The major payoff in Vice is McKay’s examination of Cheney’s role in the Iraq war. The actual details and shape of the war are glossed over as McKay is mostly interested in the role the capitalist class played in Cheney’s push to invade Iraq.

Prior to the climax of the film, however, McKay details the Republican’s 40-year sustained support for, and governance of, the capitalist class of America.

The film, in this way, conjures the image of the Republicans as the single party of the capitalist class within the two-party U.S. system. Escaping McKay is the documented fact that the Democratic party, just as often as the Republican party, stands stalwartly with the capitalist class when it is their turn to helm the government.

The Iraq war is depicted as a moral vacuum. A clearly illegal act which operates as the apex of the zealously applied power of the executive branch. Of course, McKay’s Vice ends before the conclusion of the Iraq or Afghanistan wars. It is not because these wars saw their resolution in the proceeding years after Cheney left his office.
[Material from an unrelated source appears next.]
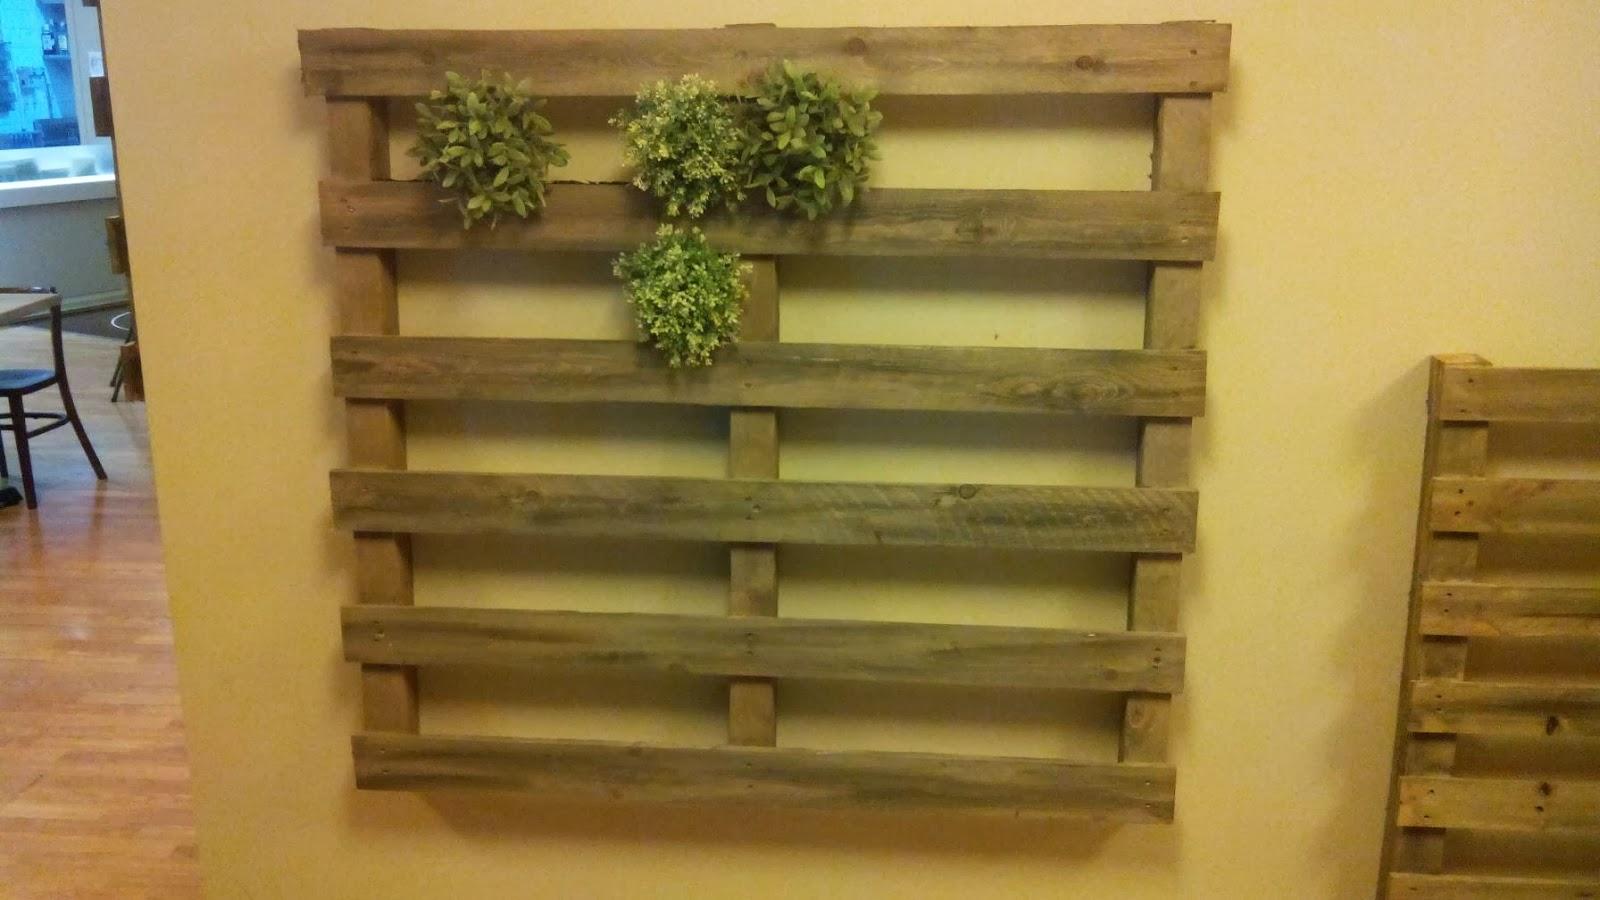 Jard n vertical hecho con palets for Jardin vertical en palets

Rather, McKay is unable to demonstrate the conclusion of these wars because they remain an ongoing blood-soaked and body-ridden anthology.
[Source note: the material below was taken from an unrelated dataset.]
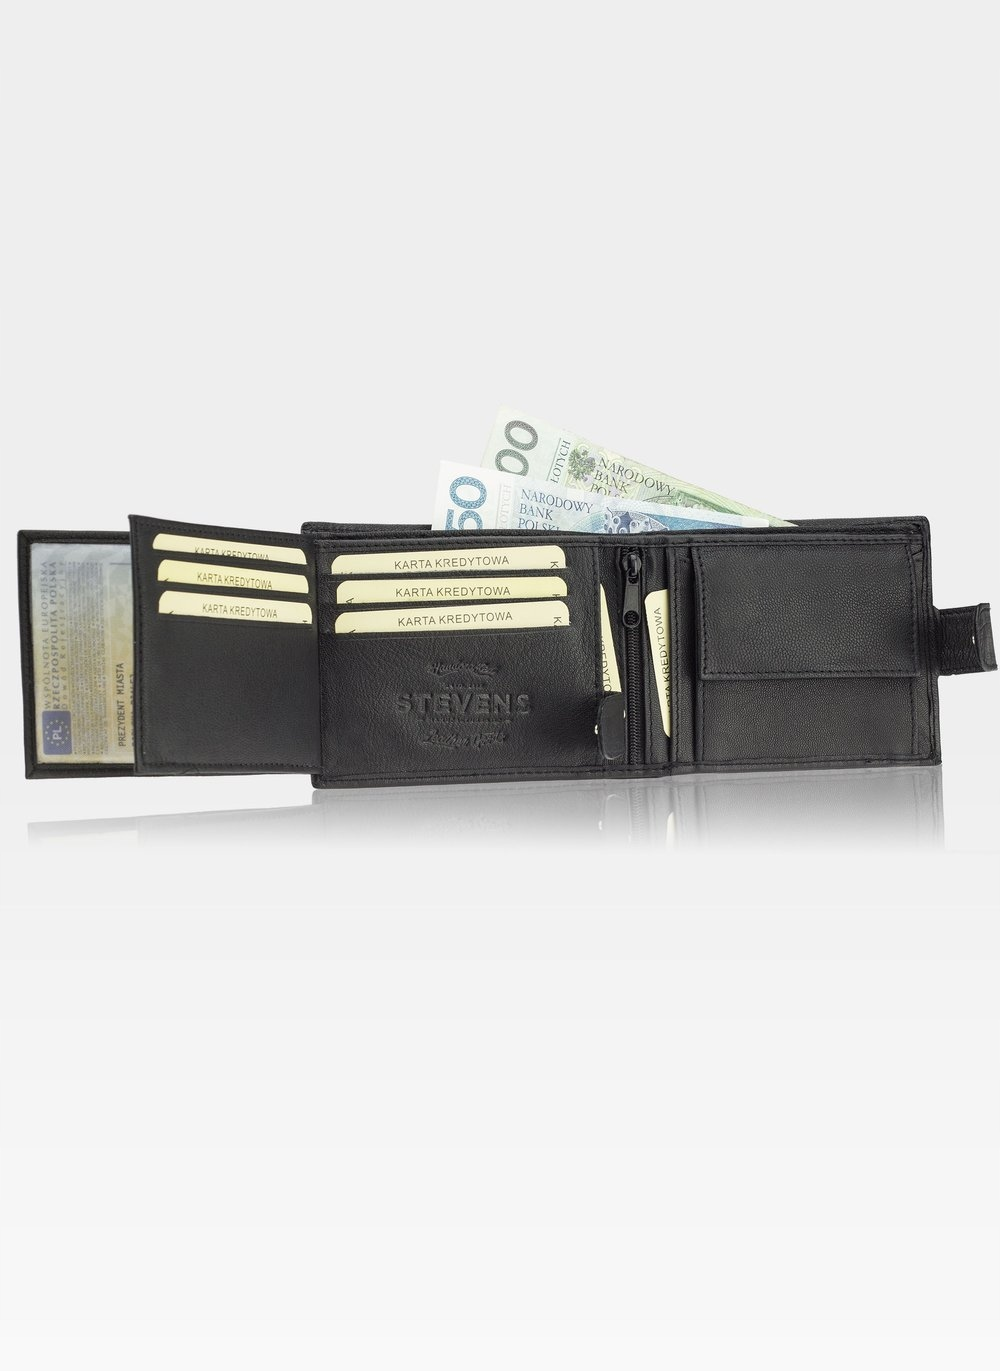 STEVENS GIFT SET Wallet Men's Leather Belt Additional features none

Former U.S. president Barack Obama, framed as a response to the growing discontent toward Cheney’s wars, is shown briefly near the end of the film. McKay’s attempt to uniquely craft Cheney and his party as warmongering villains and the Democrats as their foil does not hold. Obama presided over the expansion of U.S. wars in the Middle East/North Africa and the destruction of Libya, Egypt and Syria.

Today, with the Libyan government basically non-existent after the U.S.-led bombing of the nation, you can buy a black slave in Libya for US$400.

Not because of Dick Cheney, but because of Barack Obama. But systemically, the unbridled war machine the U.S. operates under both political parties is a function of the class character of the state rather than any single political party. McKay’s narrative, notwithstanding.

America is one of the advanced capitalist world’s most unequal societies. The 20th century was equally split between Democrats and Republicans in the seat of power. Neither of these parties attempted to pump the brakes on the destruction of the U.S. welfare state and the deepening misery of America’s poor.

It is not campaign finance nor these billionaire-funded right-wing think tanks, McKay suggests, that are central to the causes of the working class’s harrowing lot.

Instead, the very system itself makes all of this necessary. The accumulation of capital in a capitalist society inherently produces power for those doing the accumulating.

The very power and strength of the U.S. is dependent on its position as the capitalist core of the world. It invariably uses its powers in service of capital to maintain its position — including the use of its military.

Vice will convince you Cheney should be brought to the Hague to be tried for his crimes against humanity — rightly so.

But it will leave you with the impression that that alone will slay the evil beast.

Alas, Cheney is but one head on the hydra.